ABOUT THIS TASK: Print each entry verbatim.

━━ SUPPLIED MATERIAL ━━

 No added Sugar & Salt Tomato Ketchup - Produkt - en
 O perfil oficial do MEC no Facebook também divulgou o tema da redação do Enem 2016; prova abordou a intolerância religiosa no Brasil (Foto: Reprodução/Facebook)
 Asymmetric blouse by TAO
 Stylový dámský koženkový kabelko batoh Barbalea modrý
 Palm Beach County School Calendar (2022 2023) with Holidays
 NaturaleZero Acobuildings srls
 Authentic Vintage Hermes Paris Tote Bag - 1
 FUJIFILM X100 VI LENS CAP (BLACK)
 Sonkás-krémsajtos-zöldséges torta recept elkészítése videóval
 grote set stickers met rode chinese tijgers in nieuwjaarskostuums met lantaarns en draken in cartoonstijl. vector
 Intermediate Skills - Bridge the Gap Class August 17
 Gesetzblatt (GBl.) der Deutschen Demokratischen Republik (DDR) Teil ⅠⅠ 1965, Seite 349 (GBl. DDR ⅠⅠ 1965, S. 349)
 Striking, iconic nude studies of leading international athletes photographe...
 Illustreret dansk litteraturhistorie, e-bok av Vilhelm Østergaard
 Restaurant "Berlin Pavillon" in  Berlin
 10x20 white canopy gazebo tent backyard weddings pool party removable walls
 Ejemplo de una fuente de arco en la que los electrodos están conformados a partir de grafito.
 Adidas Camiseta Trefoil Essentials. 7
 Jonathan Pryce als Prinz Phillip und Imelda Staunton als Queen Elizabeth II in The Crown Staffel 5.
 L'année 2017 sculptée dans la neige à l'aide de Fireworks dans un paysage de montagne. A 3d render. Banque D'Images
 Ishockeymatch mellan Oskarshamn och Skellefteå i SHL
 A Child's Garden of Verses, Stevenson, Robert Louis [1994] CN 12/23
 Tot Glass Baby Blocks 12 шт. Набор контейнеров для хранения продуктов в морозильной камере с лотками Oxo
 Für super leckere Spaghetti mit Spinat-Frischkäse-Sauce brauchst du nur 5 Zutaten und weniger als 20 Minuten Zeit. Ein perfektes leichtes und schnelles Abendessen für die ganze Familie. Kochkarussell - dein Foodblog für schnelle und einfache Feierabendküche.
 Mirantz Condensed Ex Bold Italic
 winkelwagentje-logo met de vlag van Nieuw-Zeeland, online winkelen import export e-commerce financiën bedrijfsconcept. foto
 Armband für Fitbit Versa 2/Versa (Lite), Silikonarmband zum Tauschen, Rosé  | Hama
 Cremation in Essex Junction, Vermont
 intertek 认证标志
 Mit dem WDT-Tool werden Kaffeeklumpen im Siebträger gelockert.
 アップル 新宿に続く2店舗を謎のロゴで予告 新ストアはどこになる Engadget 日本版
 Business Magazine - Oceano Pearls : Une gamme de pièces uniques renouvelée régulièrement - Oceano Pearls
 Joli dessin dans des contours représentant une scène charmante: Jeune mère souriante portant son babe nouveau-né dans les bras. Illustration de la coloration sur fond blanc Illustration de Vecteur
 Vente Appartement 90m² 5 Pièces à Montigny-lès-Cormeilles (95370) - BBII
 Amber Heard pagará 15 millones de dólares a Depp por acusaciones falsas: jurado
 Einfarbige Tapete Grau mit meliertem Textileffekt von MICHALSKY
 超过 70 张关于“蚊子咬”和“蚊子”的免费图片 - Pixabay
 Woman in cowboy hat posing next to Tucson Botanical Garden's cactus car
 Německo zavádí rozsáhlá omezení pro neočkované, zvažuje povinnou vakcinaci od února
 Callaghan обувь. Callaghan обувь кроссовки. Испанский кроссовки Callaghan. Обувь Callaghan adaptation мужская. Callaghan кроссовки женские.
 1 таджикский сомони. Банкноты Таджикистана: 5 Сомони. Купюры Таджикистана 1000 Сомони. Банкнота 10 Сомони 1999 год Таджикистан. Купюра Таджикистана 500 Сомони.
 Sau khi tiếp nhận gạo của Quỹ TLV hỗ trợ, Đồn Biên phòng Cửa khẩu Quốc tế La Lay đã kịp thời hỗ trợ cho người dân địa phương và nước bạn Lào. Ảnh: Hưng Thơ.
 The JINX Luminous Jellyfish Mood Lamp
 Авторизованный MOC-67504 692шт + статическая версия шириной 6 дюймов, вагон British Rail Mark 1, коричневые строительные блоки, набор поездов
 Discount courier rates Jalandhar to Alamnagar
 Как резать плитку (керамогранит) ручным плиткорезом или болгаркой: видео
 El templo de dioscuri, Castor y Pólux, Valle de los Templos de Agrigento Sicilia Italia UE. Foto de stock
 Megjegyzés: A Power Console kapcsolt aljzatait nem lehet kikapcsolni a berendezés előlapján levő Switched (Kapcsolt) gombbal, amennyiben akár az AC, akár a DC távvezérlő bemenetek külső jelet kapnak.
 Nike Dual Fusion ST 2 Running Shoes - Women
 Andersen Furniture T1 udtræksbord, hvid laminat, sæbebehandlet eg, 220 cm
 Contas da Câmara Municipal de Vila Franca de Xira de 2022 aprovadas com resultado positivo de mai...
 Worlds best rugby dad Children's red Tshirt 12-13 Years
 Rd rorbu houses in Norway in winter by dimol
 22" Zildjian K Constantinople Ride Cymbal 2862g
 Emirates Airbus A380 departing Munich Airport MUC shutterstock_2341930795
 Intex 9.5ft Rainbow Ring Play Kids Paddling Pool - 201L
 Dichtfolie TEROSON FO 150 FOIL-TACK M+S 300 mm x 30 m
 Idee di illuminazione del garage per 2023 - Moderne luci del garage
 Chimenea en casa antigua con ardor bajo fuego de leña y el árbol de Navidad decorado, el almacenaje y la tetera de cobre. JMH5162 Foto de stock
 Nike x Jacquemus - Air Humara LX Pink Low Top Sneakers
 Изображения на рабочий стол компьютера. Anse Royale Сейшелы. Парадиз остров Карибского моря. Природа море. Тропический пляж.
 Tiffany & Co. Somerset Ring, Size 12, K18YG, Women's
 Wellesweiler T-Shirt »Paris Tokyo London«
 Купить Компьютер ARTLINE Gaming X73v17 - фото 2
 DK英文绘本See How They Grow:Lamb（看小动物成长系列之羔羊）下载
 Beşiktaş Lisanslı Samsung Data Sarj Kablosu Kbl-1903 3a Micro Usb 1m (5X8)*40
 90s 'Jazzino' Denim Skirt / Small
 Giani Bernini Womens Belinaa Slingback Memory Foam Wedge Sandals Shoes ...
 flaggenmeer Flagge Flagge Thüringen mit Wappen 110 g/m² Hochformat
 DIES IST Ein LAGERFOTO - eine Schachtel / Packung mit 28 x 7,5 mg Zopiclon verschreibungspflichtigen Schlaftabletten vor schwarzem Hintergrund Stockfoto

━━━

SOLUTION TO THIS EXERCISE:
 No added Sugar & Salt Tomato Ketchup - Produkt - en
 O perfil oficial do MEC no Facebook também divulgou o tema da redação do Enem 2016; prova abordou a intolerância religiosa no Brasil (Foto: Reprodução/Facebook)
 Asymmetric blouse by TAO
 Stylový dámský koženkový kabelko batoh Barbalea modrý
 Palm Beach County School Calendar (2022 2023) with Holidays
 NaturaleZero Acobuildings srls
 Authentic Vintage Hermes Paris Tote Bag - 1
 FUJIFILM X100 VI LENS CAP (BLACK)
 Sonkás-krémsajtos-zöldséges torta recept elkészítése videóval
 grote set stickers met rode chinese tijgers in nieuwjaarskostuums met lantaarns en draken in cartoonstijl. vector
 Intermediate Skills - Bridge the Gap Class August 17
 Gesetzblatt (GBl.) der Deutschen Demokratischen Republik (DDR) Teil ⅠⅠ 1965, Seite 349 (GBl. DDR ⅠⅠ 1965, S. 349)
 Striking, iconic nude studies of leading international athletes photographe...
 Illustreret dansk litteraturhistorie, e-bok av Vilhelm Østergaard
 Restaurant "Berlin Pavillon" in  Berlin
 10x20 white canopy gazebo tent backyard weddings pool party removable walls
 Ejemplo de una fuente de arco en la que los electrodos están conformados a partir de grafito.
 Adidas Camiseta Trefoil Essentials. 7
 Jonathan Pryce als Prinz Phillip und Imelda Staunton als Queen Elizabeth II in The Crown Staffel 5.
 L'année 2017 sculptée dans la neige à l'aide de Fireworks dans un paysage de montagne. A 3d render. Banque D'Images
 Ishockeymatch mellan Oskarshamn och Skellefteå i SHL
 A Child's Garden of Verses, Stevenson, Robert Louis [1994] CN 12/23
 Tot Glass Baby Blocks 12 шт. Набор контейнеров для хранения продуктов в морозильной камере с лотками Oxo
 Für super leckere Spaghetti mit Spinat-Frischkäse-Sauce brauchst du nur 5 Zutaten und weniger als 20 Minuten Zeit. Ein perfektes leichtes und schnelles Abendessen für die ganze Familie. Kochkarussell - dein Foodblog für schnelle und einfache Feierabendküche.
 Mirantz Condensed Ex Bold Italic
 winkelwagentje-logo met de vlag van Nieuw-Zeeland, online winkelen import export e-commerce financiën bedrijfsconcept. foto
 Armband für Fitbit Versa 2/Versa (Lite), Silikonarmband zum Tauschen, Rosé  | Hama
 Cremation in Essex Junction, Vermont
 intertek 认证标志
 Mit dem WDT-Tool werden Kaffeeklumpen im Siebträger gelockert.
 アップル 新宿に続く2店舗を謎のロゴで予告 新ストアはどこになる Engadget 日本版
 Business Magazine - Oceano Pearls : Une gamme de pièces uniques renouvelée régulièrement - Oceano Pearls
 Joli dessin dans des contours représentant une scène charmante: Jeune mère souriante portant son babe nouveau-né dans les bras. Illustration de la coloration sur fond blanc Illustration de Vecteur
 Vente Appartement 90m² 5 Pièces à Montigny-lès-Cormeilles (95370) - BBII
 Amber Heard pagará 15 millones de dólares a Depp por acusaciones falsas: jurado
 Einfarbige Tapete Grau mit meliertem Textileffekt von MICHALSKY
 超过 70 张关于“蚊子咬”和“蚊子”的免费图片 - Pixabay
 Woman in cowboy hat posing next to Tucson Botanical Garden's cactus car
 Německo zavádí rozsáhlá omezení pro neočkované, zvažuje povinnou vakcinaci od února
 Callaghan обувь. Callaghan обувь кроссовки. Испанский кроссовки Callaghan. Обувь Callaghan adaptation мужская. Callaghan кроссовки женские.
 1 таджикский сомони. Банкноты Таджикистана: 5 Сомони. Купюры Таджикистана 1000 Сомони. Банкнота 10 Сомони 1999 год Таджикистан. Купюра Таджикистана 500 Сомони.
 Sau khi tiếp nhận gạo của Quỹ TLV hỗ trợ, Đồn Biên phòng Cửa khẩu Quốc tế La Lay đã kịp thời hỗ trợ cho người dân địa phương và nước bạn Lào. Ảnh: Hưng Thơ.
 The JINX Luminous Jellyfish Mood Lamp
 Авторизованный MOC-67504 692шт + статическая версия шириной 6 дюймов, вагон British Rail Mark 1, коричневые строительные блоки, набор поездов
 Discount courier rates Jalandhar to Alamnagar
 Как резать плитку (керамогранит) ручным плиткорезом или болгаркой: видео
 El templo de dioscuri, Castor y Pólux, Valle de los Templos de Agrigento Sicilia Italia UE. Foto de stock
 Megjegyzés: A Power Console kapcsolt aljzatait nem lehet kikapcsolni a berendezés előlapján levő Switched (Kapcsolt) gombbal, amennyiben akár az AC, akár a DC távvezérlő bemenetek külső jelet kapnak.
 Nike Dual Fusion ST 2 Running Shoes - Women
 Andersen Furniture T1 udtræksbord, hvid laminat, sæbebehandlet eg, 220 cm
 Contas da Câmara Municipal de Vila Franca de Xira de 2022 aprovadas com resultado positivo de mai...
 Worlds best rugby dad Children's red Tshirt 12-13 Years
 Rd rorbu houses in Norway in winter by dimol
 22" Zildjian K Constantinople Ride Cymbal 2862g
 Emirates Airbus A380 departing Munich Airport MUC shutterstock_2341930795
 Intex 9.5ft Rainbow Ring Play Kids Paddling Pool - 201L
 Dichtfolie TEROSON FO 150 FOIL-TACK M+S 300 mm x 30 m
 Idee di illuminazione del garage per 2023 - Moderne luci del garage
 Chimenea en casa antigua con ardor bajo fuego de leña y el árbol de Navidad decorado, el almacenaje y la tetera de cobre. JMH5162 Foto de stock
 Nike x Jacquemus - Air Humara LX Pink Low Top Sneakers
 Изображения на рабочий стол компьютера. Anse Royale Сейшелы. Парадиз остров Карибского моря. Природа море. Тропический пляж.
 Tiffany & Co. Somerset Ring, Size 12, K18YG, Women's
 Wellesweiler T-Shirt »Paris Tokyo London«
 Купить Компьютер ARTLINE Gaming X73v17 - фото 2
 DK英文绘本See How They Grow:Lamb（看小动物成长系列之羔羊）下载
 Beşiktaş Lisanslı Samsung Data Sarj Kablosu Kbl-1903 3a Micro Usb 1m (5X8)*40
 90s 'Jazzino' Denim Skirt / Small
 Giani Bernini Womens Belinaa Slingback Memory Foam Wedge Sandals Shoes ...
 flaggenmeer Flagge Flagge Thüringen mit Wappen 110 g/m² Hochformat
 DIES IST Ein LAGERFOTO - eine Schachtel / Packung mit 28 x 7,5 mg Zopiclon verschreibungspflichtigen Schlaftabletten vor schwarzem Hintergrund Stockfoto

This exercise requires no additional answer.